TASK ITEM – After locating the line that holds "Anthony Richards Medium", copy that line and all that follow it word for word through the end of the data, with no pictures.

Segment Start: COLLECTED MATERIAL

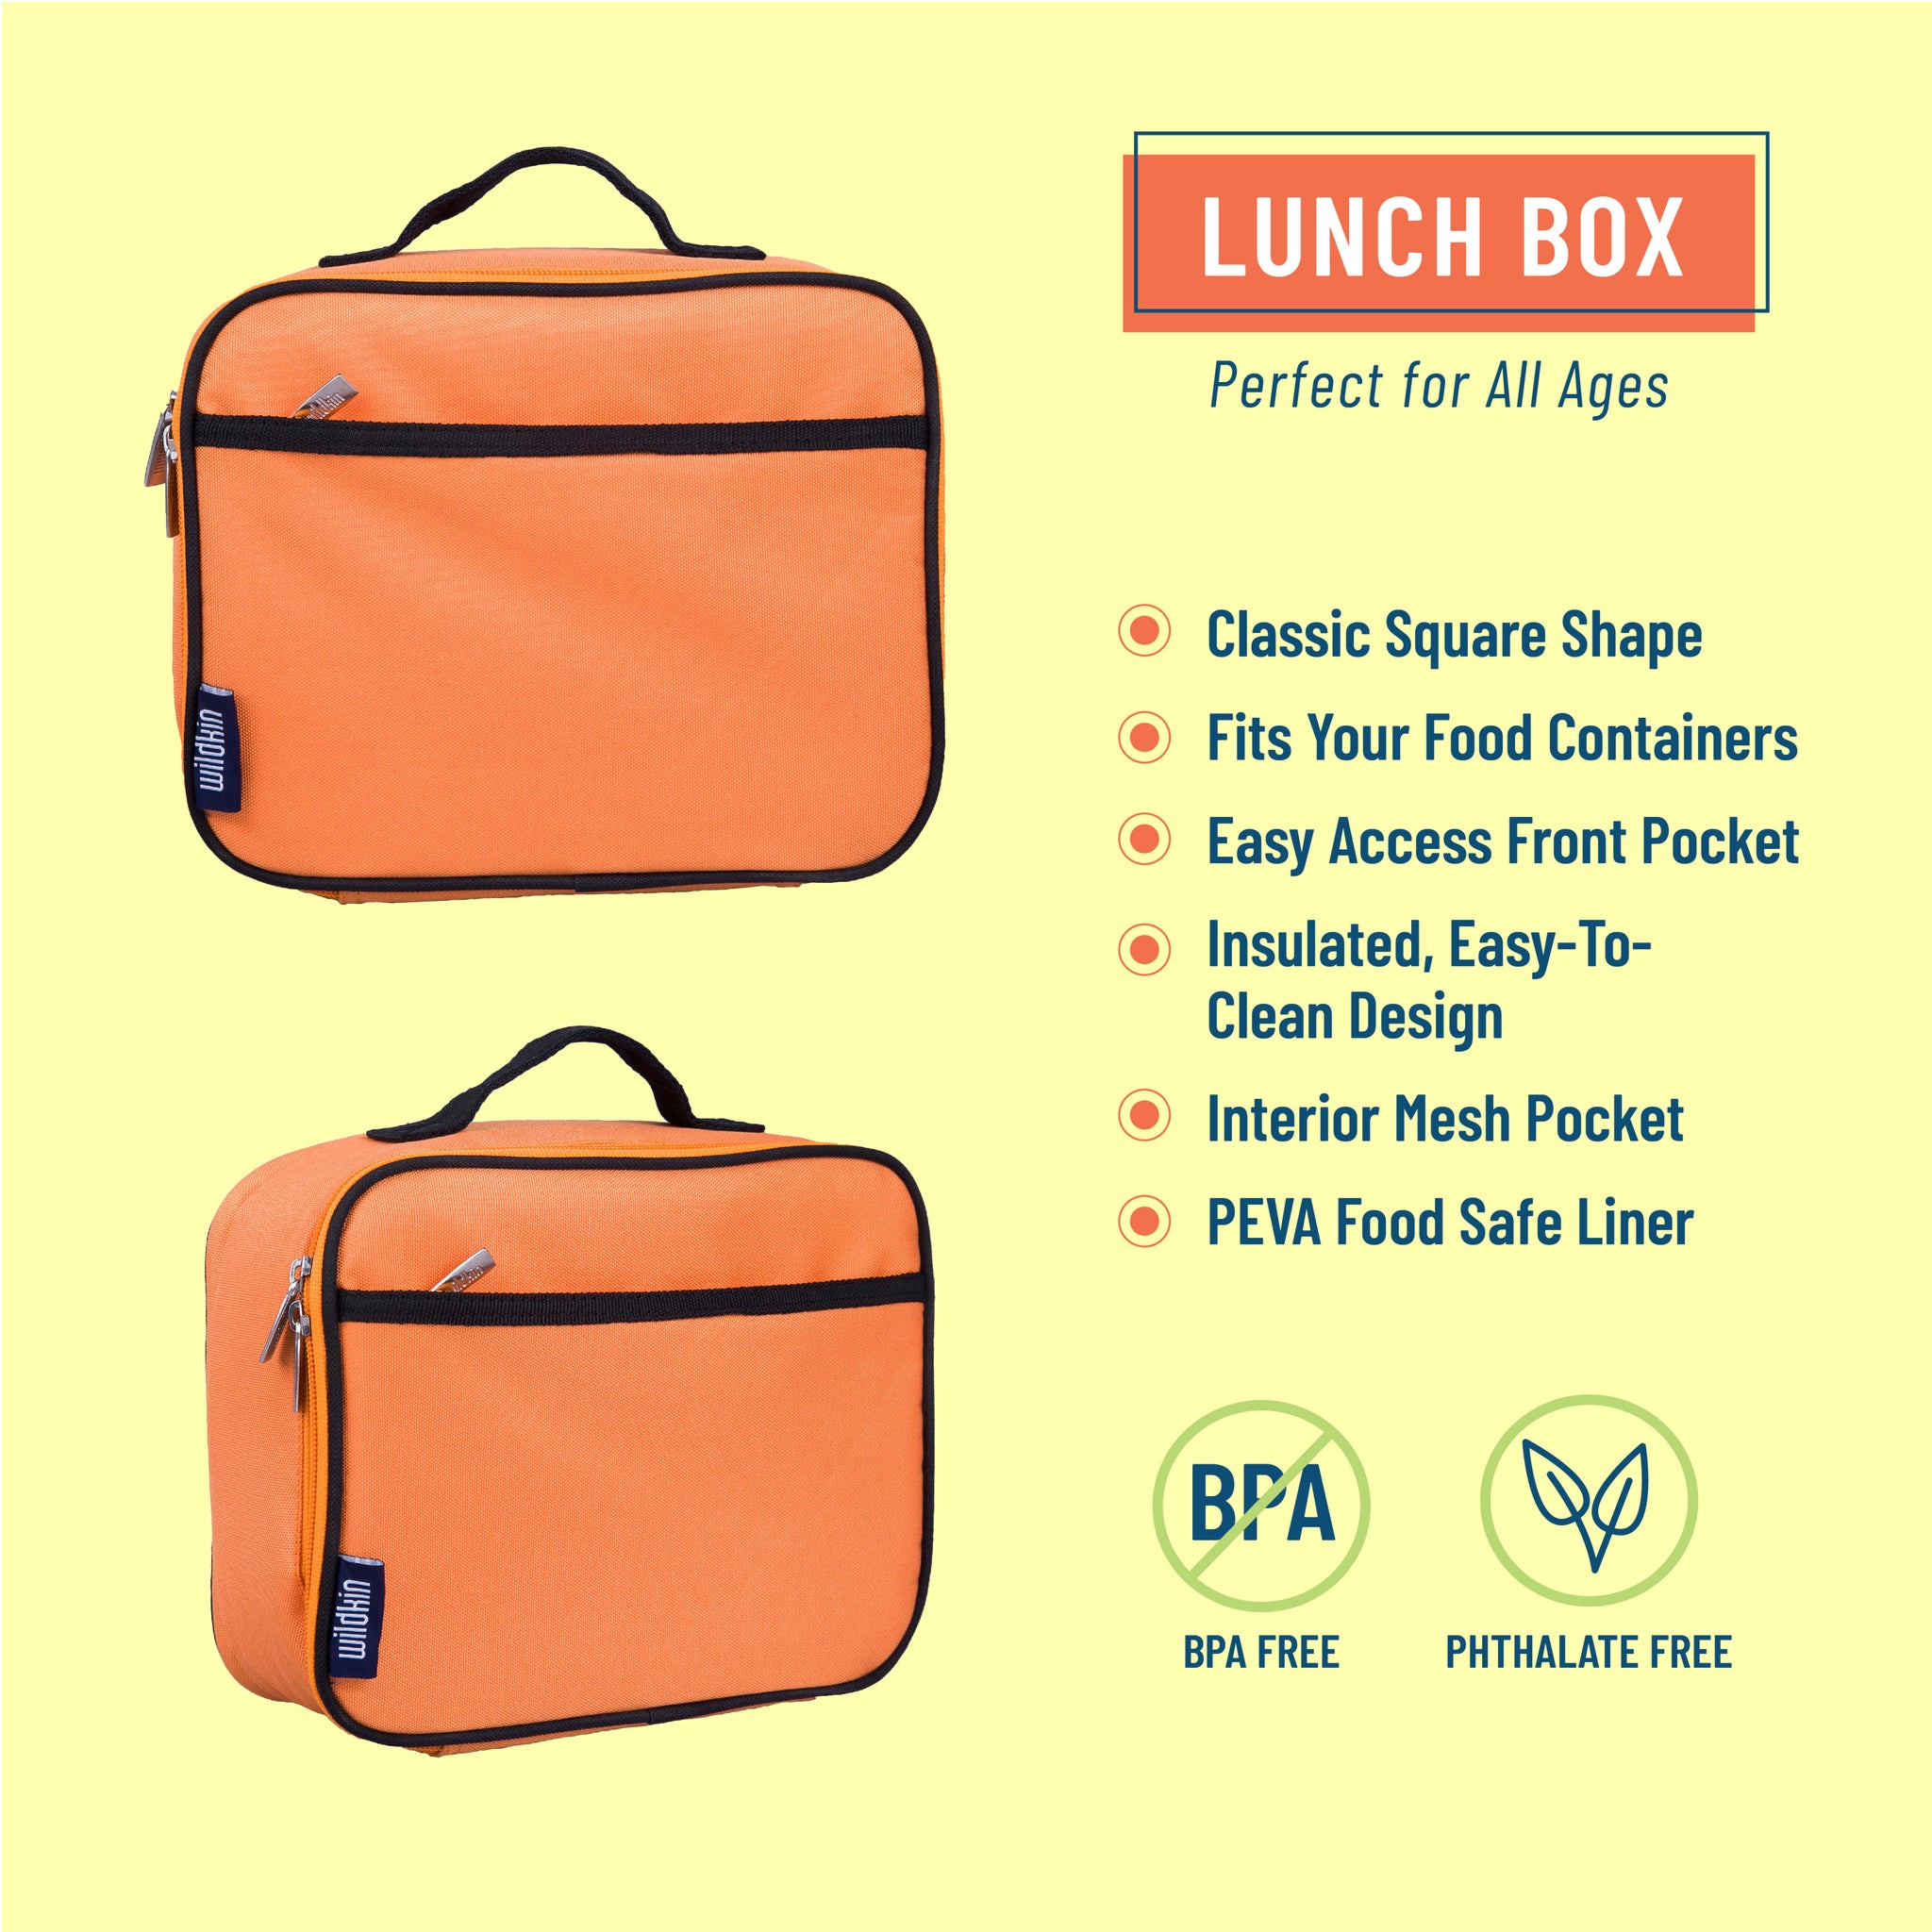 FOODSKIN FLEXIBLE LUNCHBOX  Cooking gadgets, Lunch box, Food
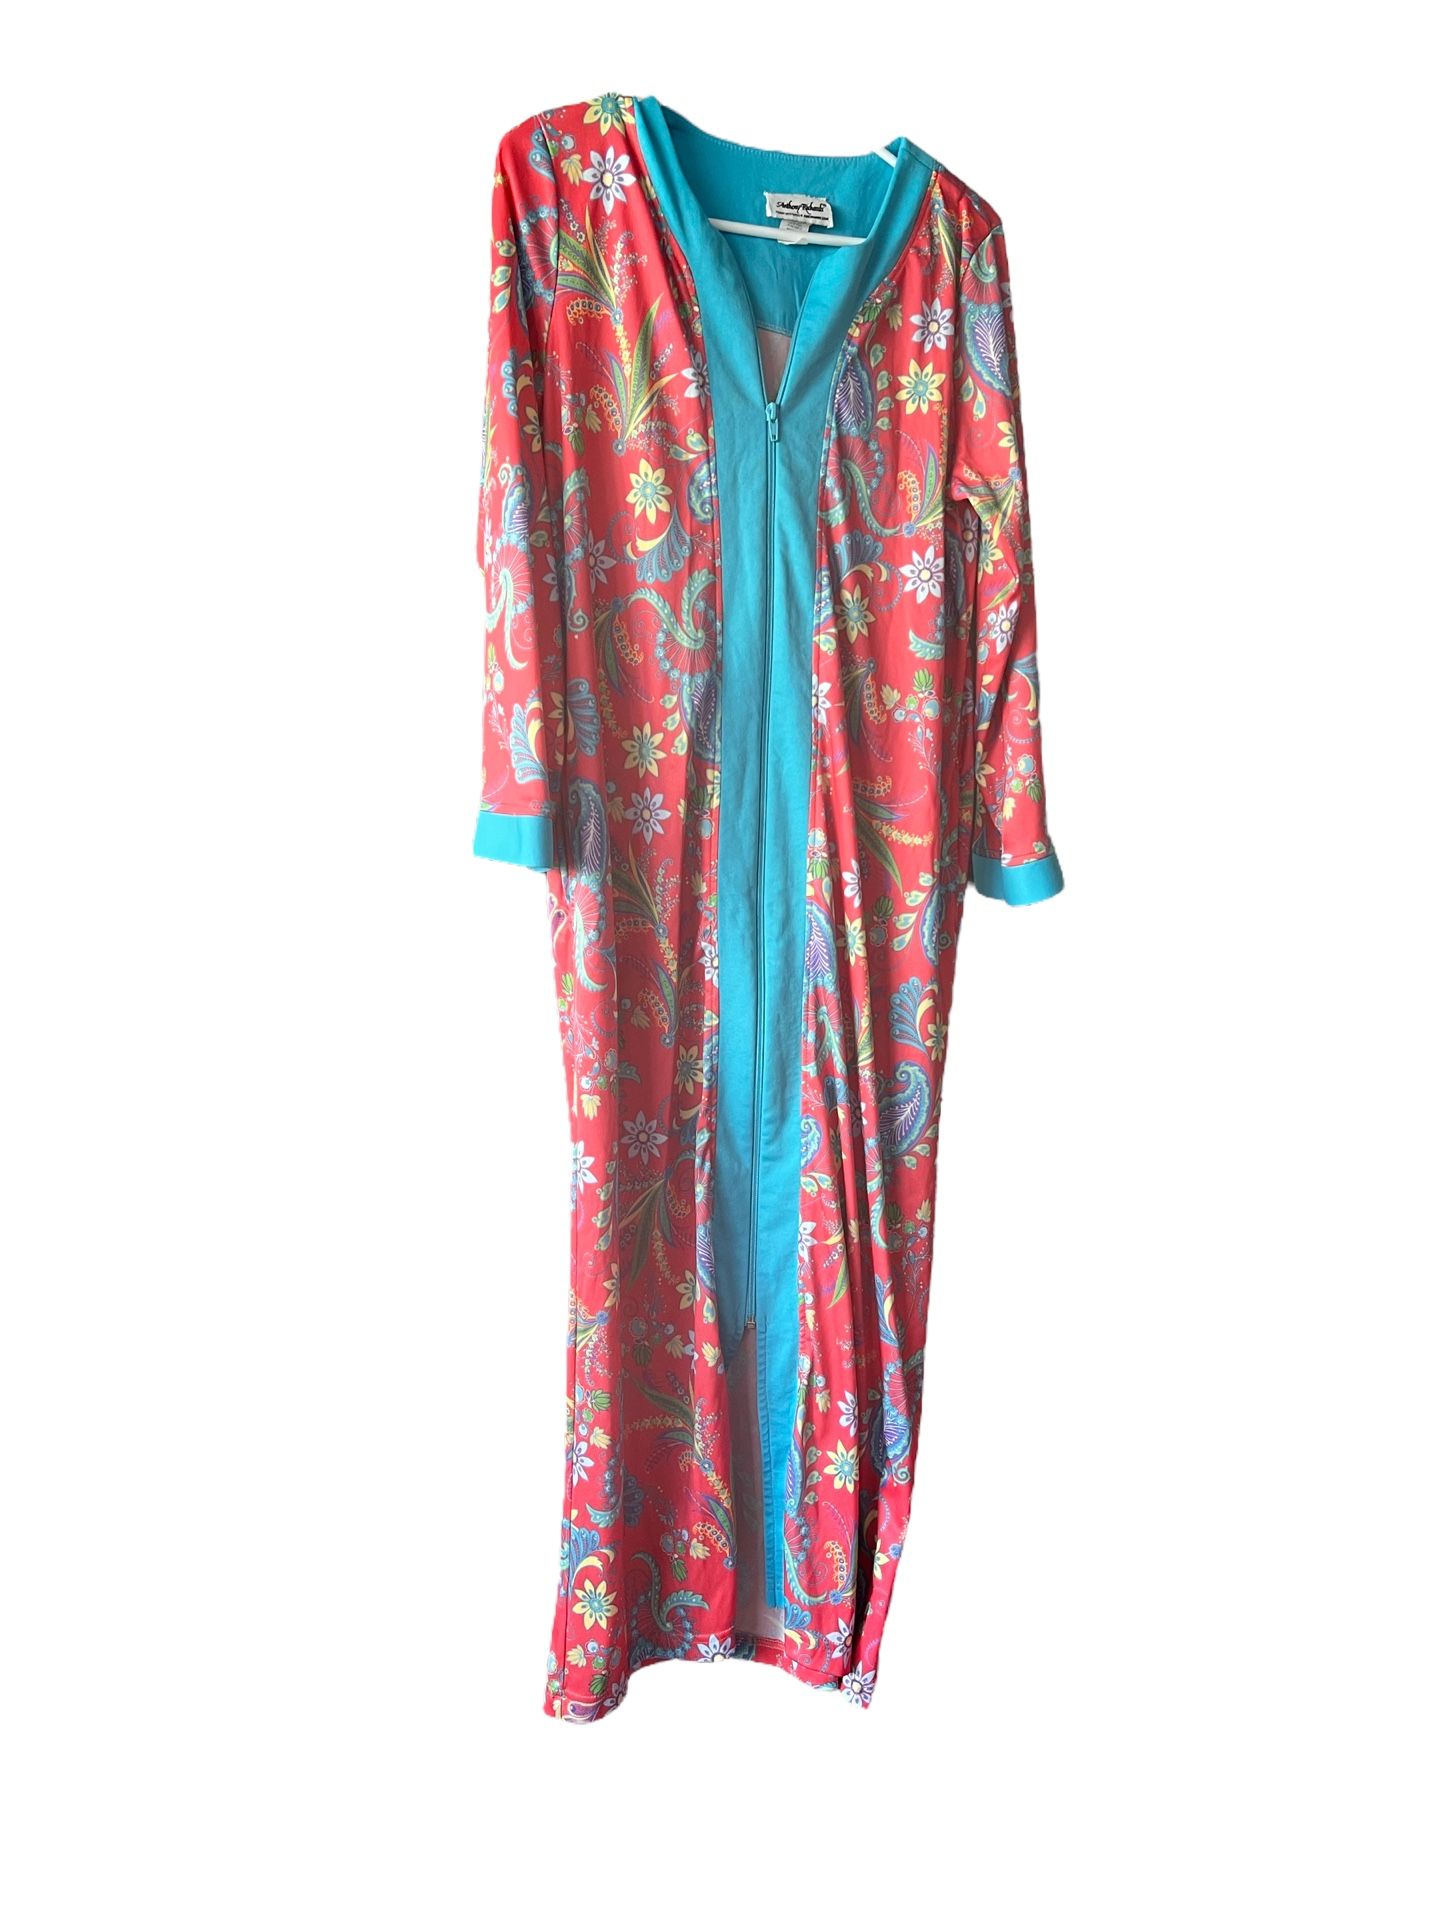 Anthony Richards Medium Zip Polyester Robe Housecoat Mumu Paisley Granny Colorfu.  Long sleeved very beautiful color pattern. Comes from a pet and smo
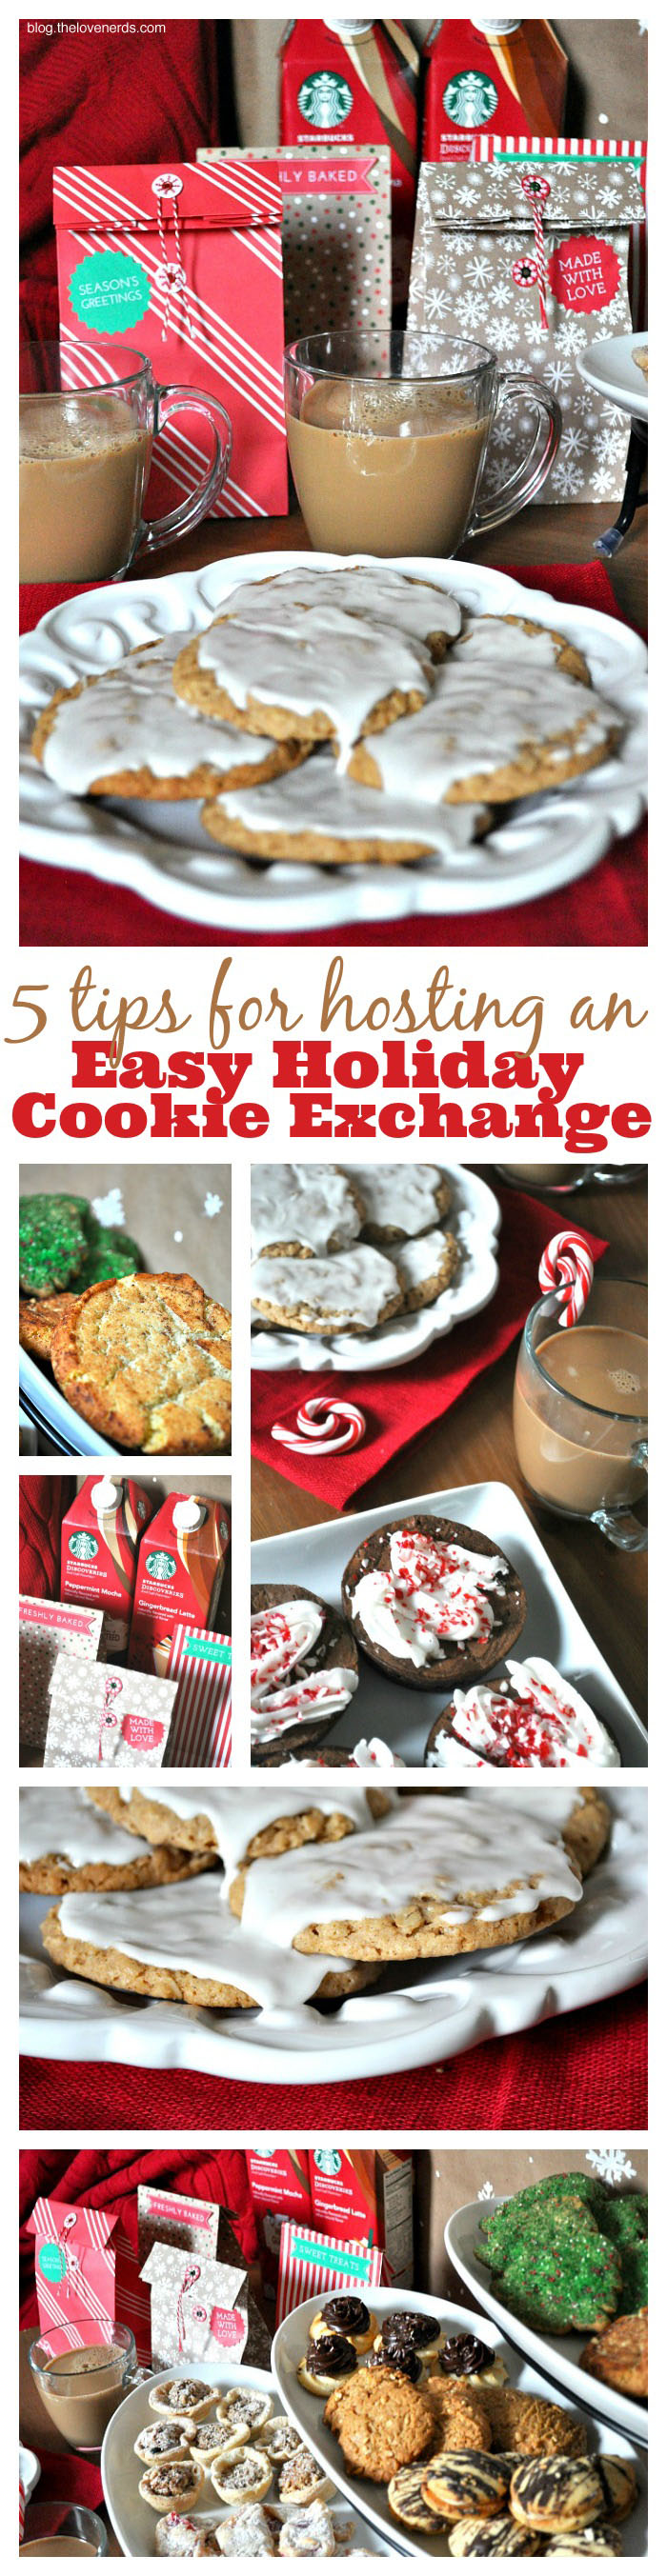 5 Tips for Hosting an Easy and Fun Holiday Cookie Exchange Party - I had so much fun with this party, and it really came together quickly. Everyone contributes cookies to share, and I relied on Starbucks Discoveries Iced Café Favorites™ Peppermint Mocha and Gingerbread Latte for a special drink I could easily pour! {The Love Nerds} #starbucksdiscoveries #ad

Segment End: COLLECTED MATERIAL

OUTPUT FOR THIS EXERCISE –
 Anthony Richards Medium Zip Polyester Robe Housecoat Mumu Paisley Granny Colorfu.  Long sleeved very beautiful color pattern. Comes from a pet and smo
 5 Tips for Hosting an Easy and Fun Holiday Cookie Exchange Party - I had so much fun with this party, and it really came together quickly. Everyone contributes cookies to share, and I relied on Starbucks Discoveries Iced Café Favorites™ Peppermint Mocha and Gingerbread Latte for a special drink I could easily pour! {The Love Nerds} #starbucksdiscoveries #ad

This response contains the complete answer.